4. **Linked Open Data (LOD)**
   - RDF-based datasets are interlinked across disciplines.
   - **Example Datasets**:
     - **Wikidata** (General knowledge)
     - **PubChem RDF** (Chemical data)
     - **DBpedia** (Structured Wikipedia data)
     - **Gene Ontology** (Biological data)

## **Semantic Web vs Traditional Databases**
| **Feature**          | **Relational Databases (SQL, NoSQL)** | **Semantic Web (RDF, OWL, SPARQL)** |
|--------------------|--------------------------------|--------------------------------|
| **Structure**      | Tables (structured schema)    | Graph-based (triples: subject-predicate-object) |
| **Queries**       | SQL                            | SPARQL |
| **Flexibility**   | Rigid schema                  | Dynamic relationships (easily extendable) |
| **Interoperability** | Limited to specific database engines | Global linking of datasets (LOD cloud) |
| **Examples**      | PostgreSQL, MongoDB           | Wikidata, PubChem RDF, DBpedia |



#  Web Scraping and Databases: A Hybrid Approach
While web scraping is often used to extract data for immediate use, it does not store it. A powerful workflow would be:
- **Scrape data** from online sources.
- **Store it in a structured database (SQL or NoSQL)** for long-term analysis.
- **Query it later** instead of repeatedly scraping.
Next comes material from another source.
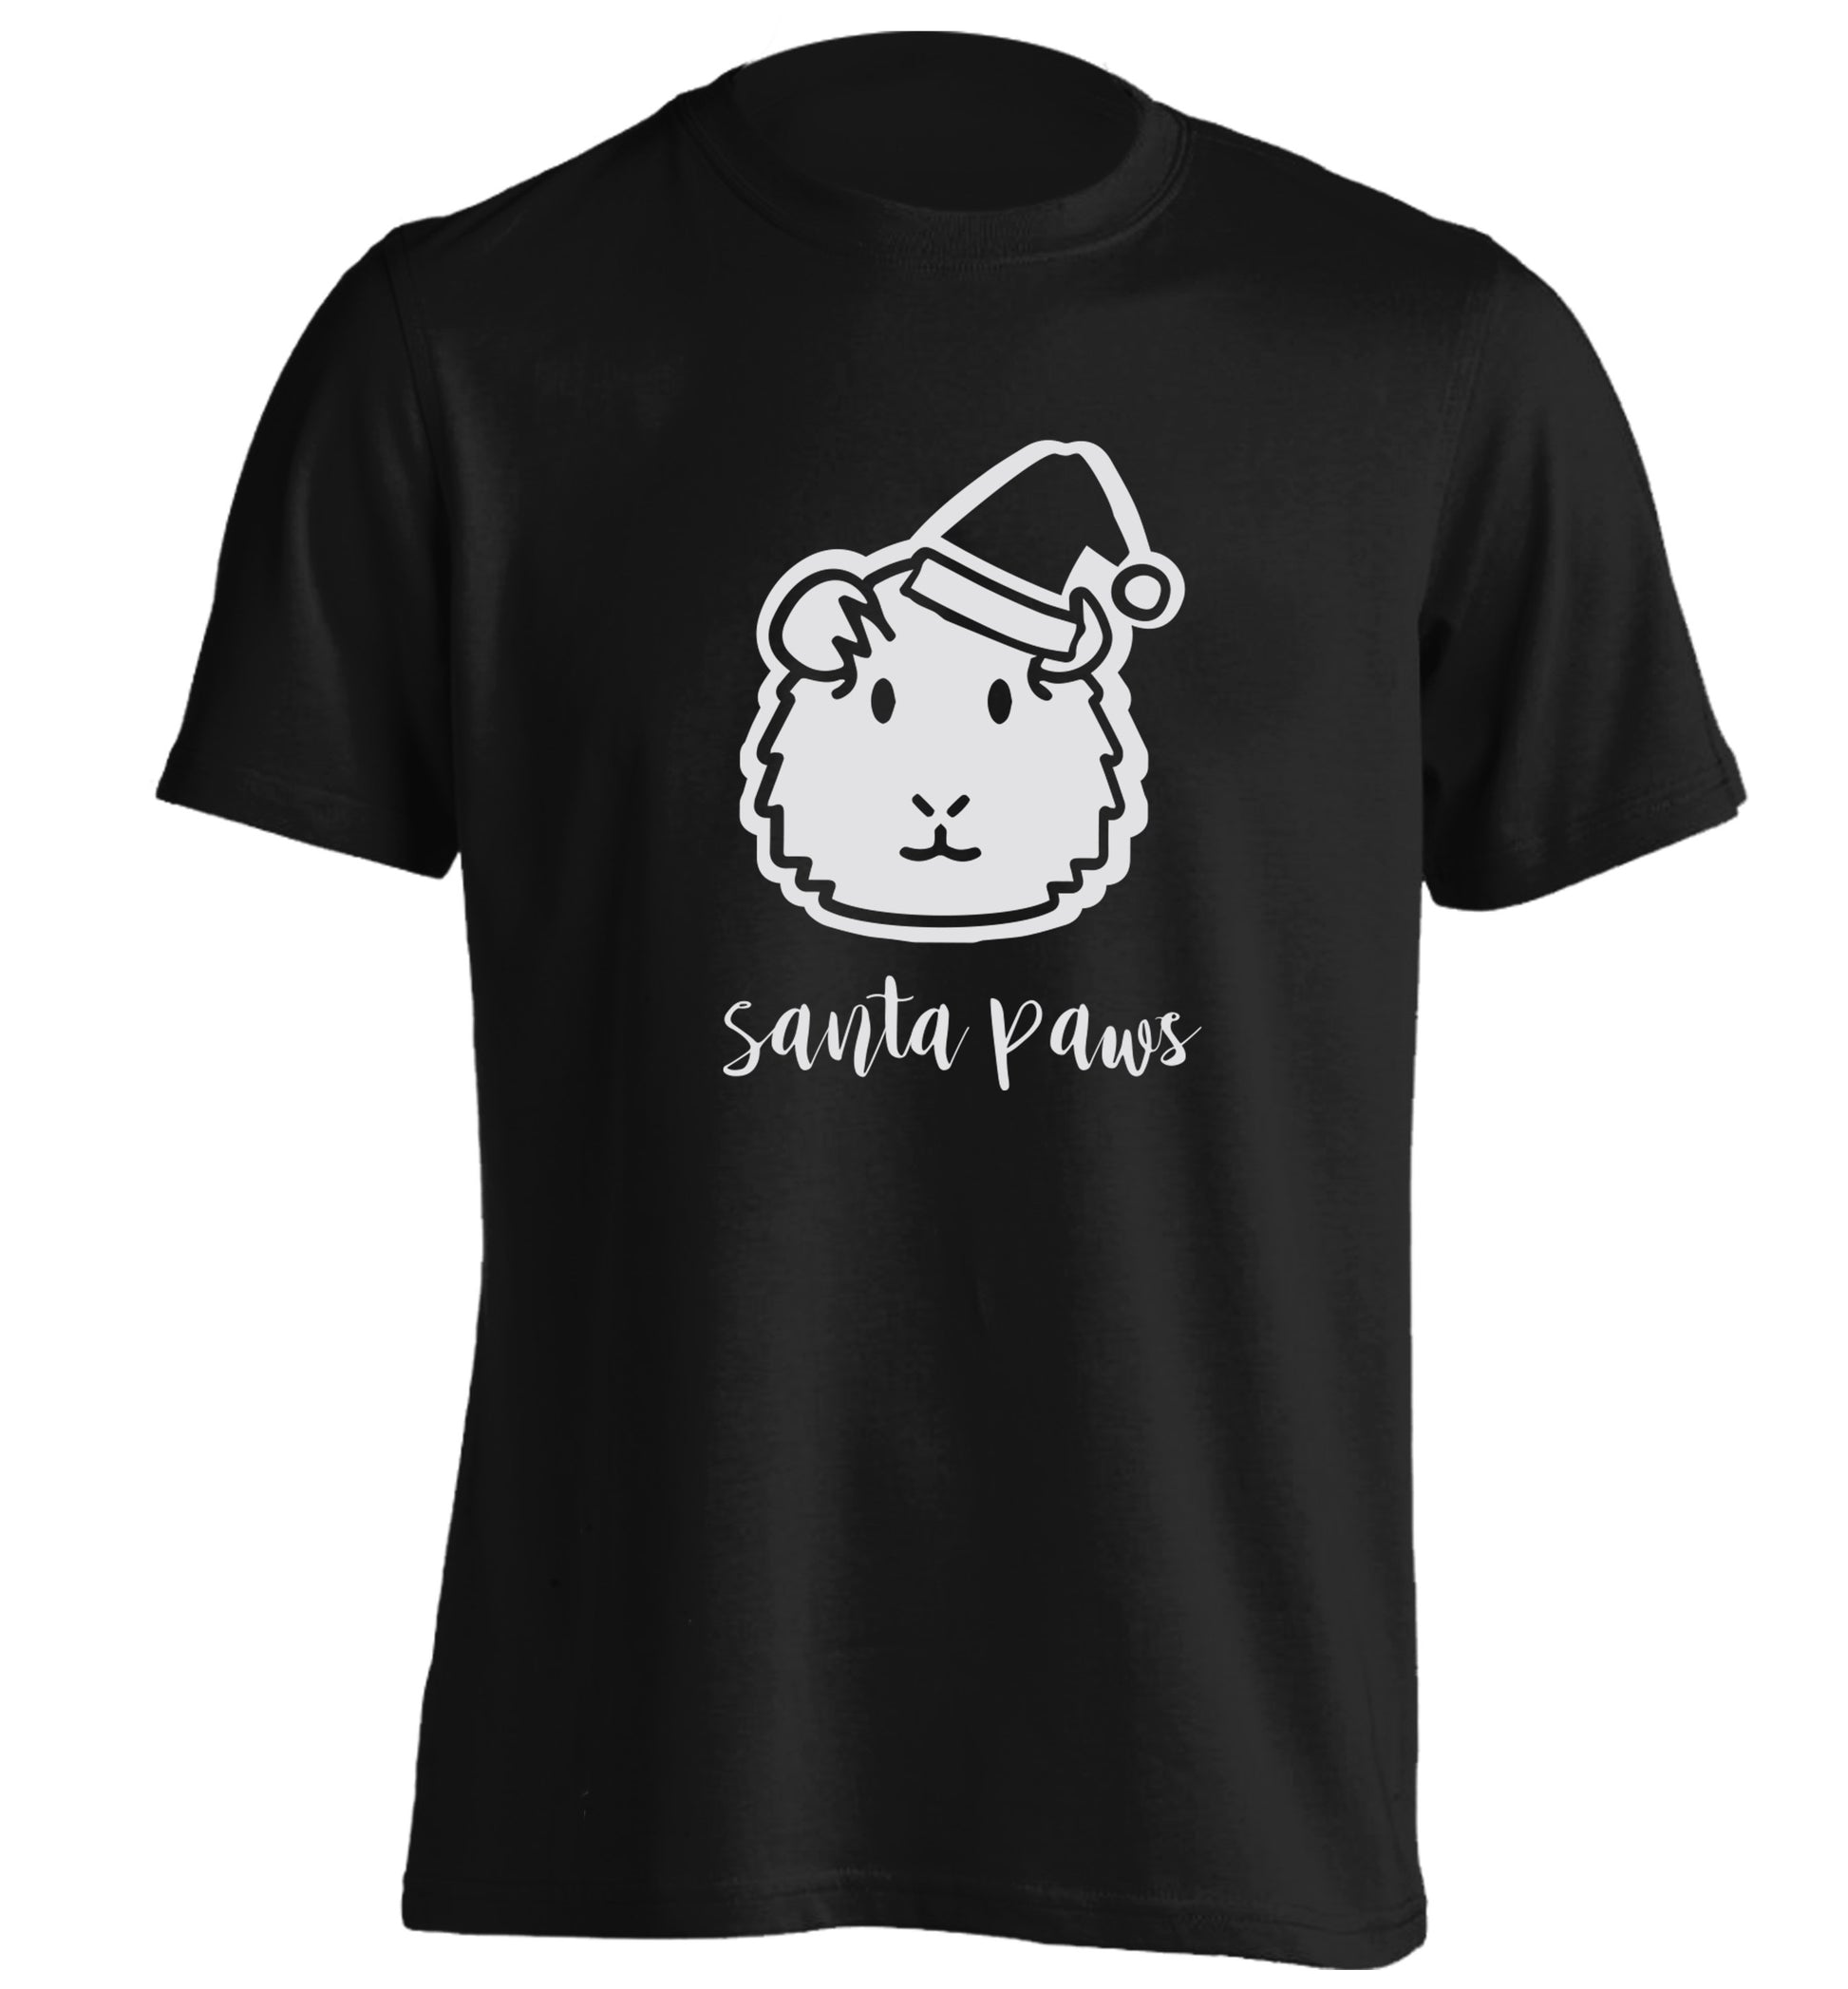 Guinea pig Santa Paws adults unisex black Tshirt 2XL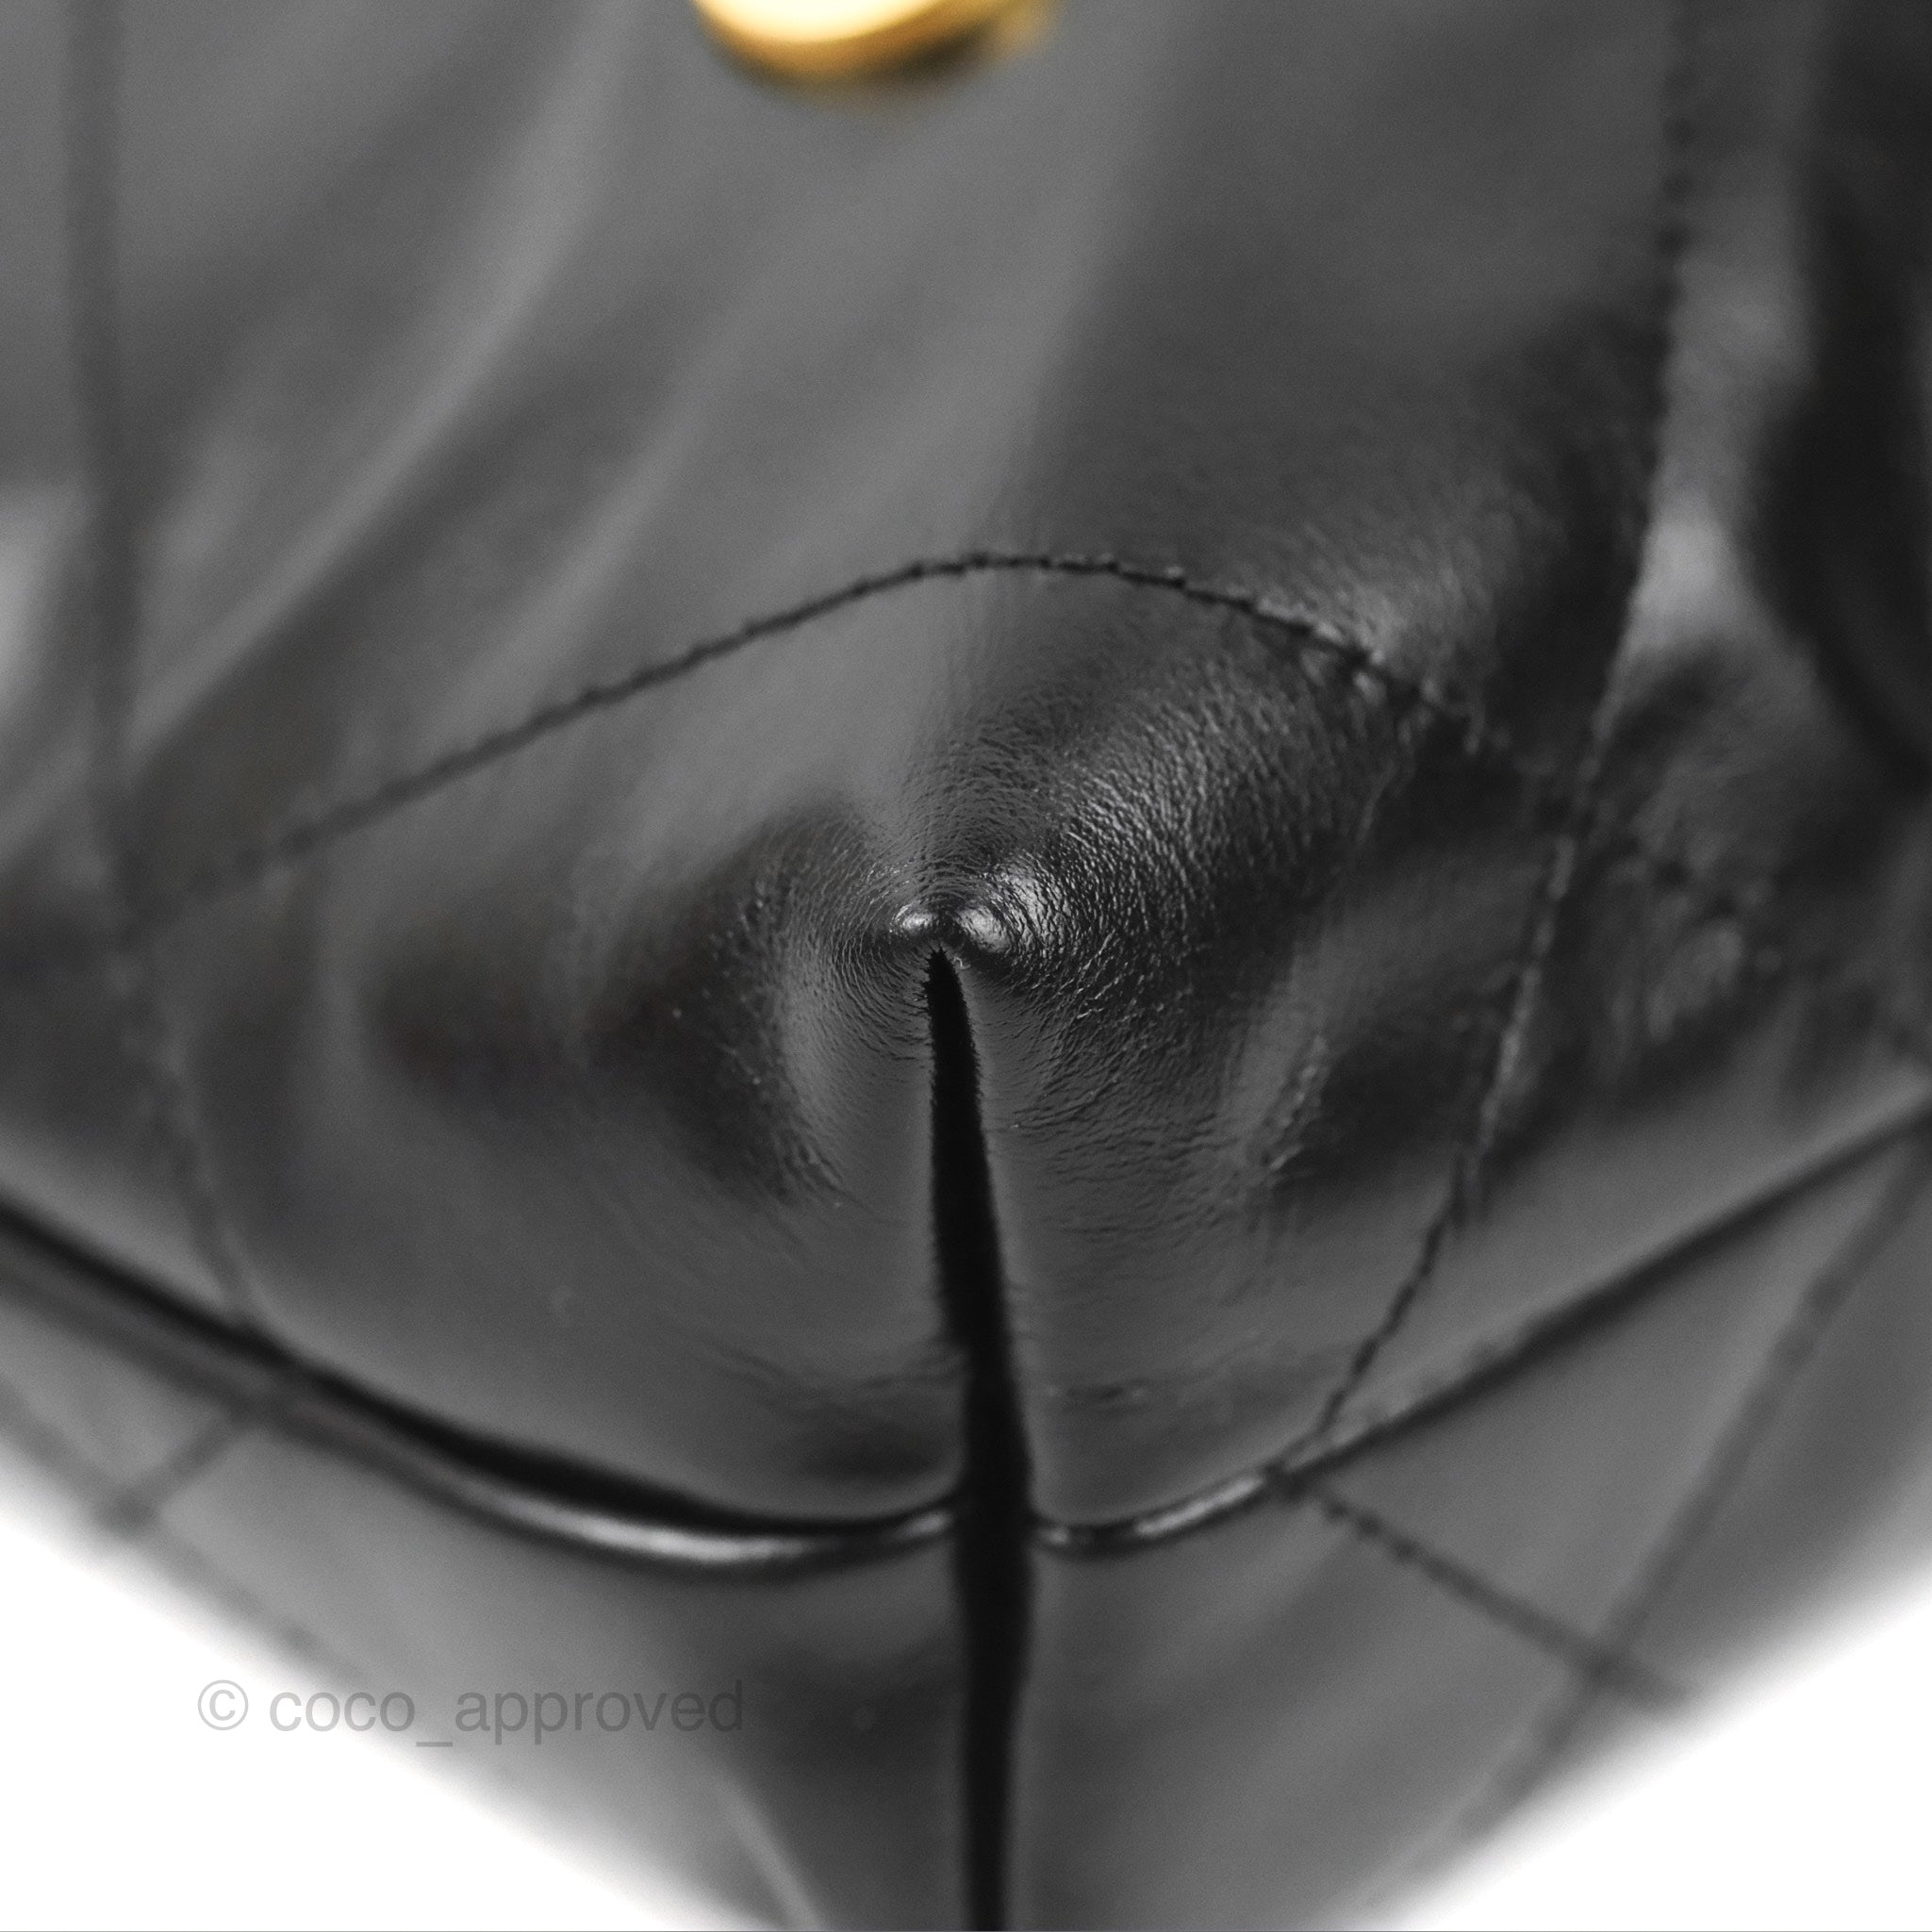 CHANEL 22 line GREY handbag 100% auth. BRAND NEW IN BOX bag

## Web Scraping as a Data Acquisition Method
Web scraping is a method of extracting **external data** from structured or semi-structured sources on the web and transforming it into a usable format. Unlike databases or file storage, web scraping **does not inherently store data**—it is a way to retrieve and structure data from the web dynamically. It allows access to **data stored in HTML web pages** that might not be available via an API.

### Web Scraping vs. APIs
| Feature         | Web Scraping | APIs |
|---------------|-------------|------|
| **Access** | Extracts data from web pages (HTML tables, text, lists) | Queries structured data from a service (often JSON or XML) |
| **Structure** | Often semi-structured (needs parsing) | Well-structured |
| **Reliability** | Pages may change, breaking the scraper | More stable (unless API changes) |
| **Use Case** | Extracting tables, research data, metadata from articles | Accessing structured datasets (PubChem, NCBI, weather data) |

Thus, **web scraping is an alternative to APIs when structured access is unavailable**.

---

## Web Scraping as a Bridge from Classical Literature to Structured Data
Scientific data has historically been communicated through **journal articles, textbooks, and reports**. Many modern scientific knowledge repositories (e.g., Wikipedia, research databases) still store information in text-based formats rather than structured databases. Web scraping allows you to:

- Extract **tabular data** (like chemical properties from Wikipedia or patents).
- Retrieve **text-based metadata** (such as author names, abstracts, and citations).
- Collect **non-tabular structured information** (like structured web pages with lists of elements).

By applying **text parsing, table extraction, and structured storage**, web scraping allows researchers to **convert human-readable content into machine-readable data**.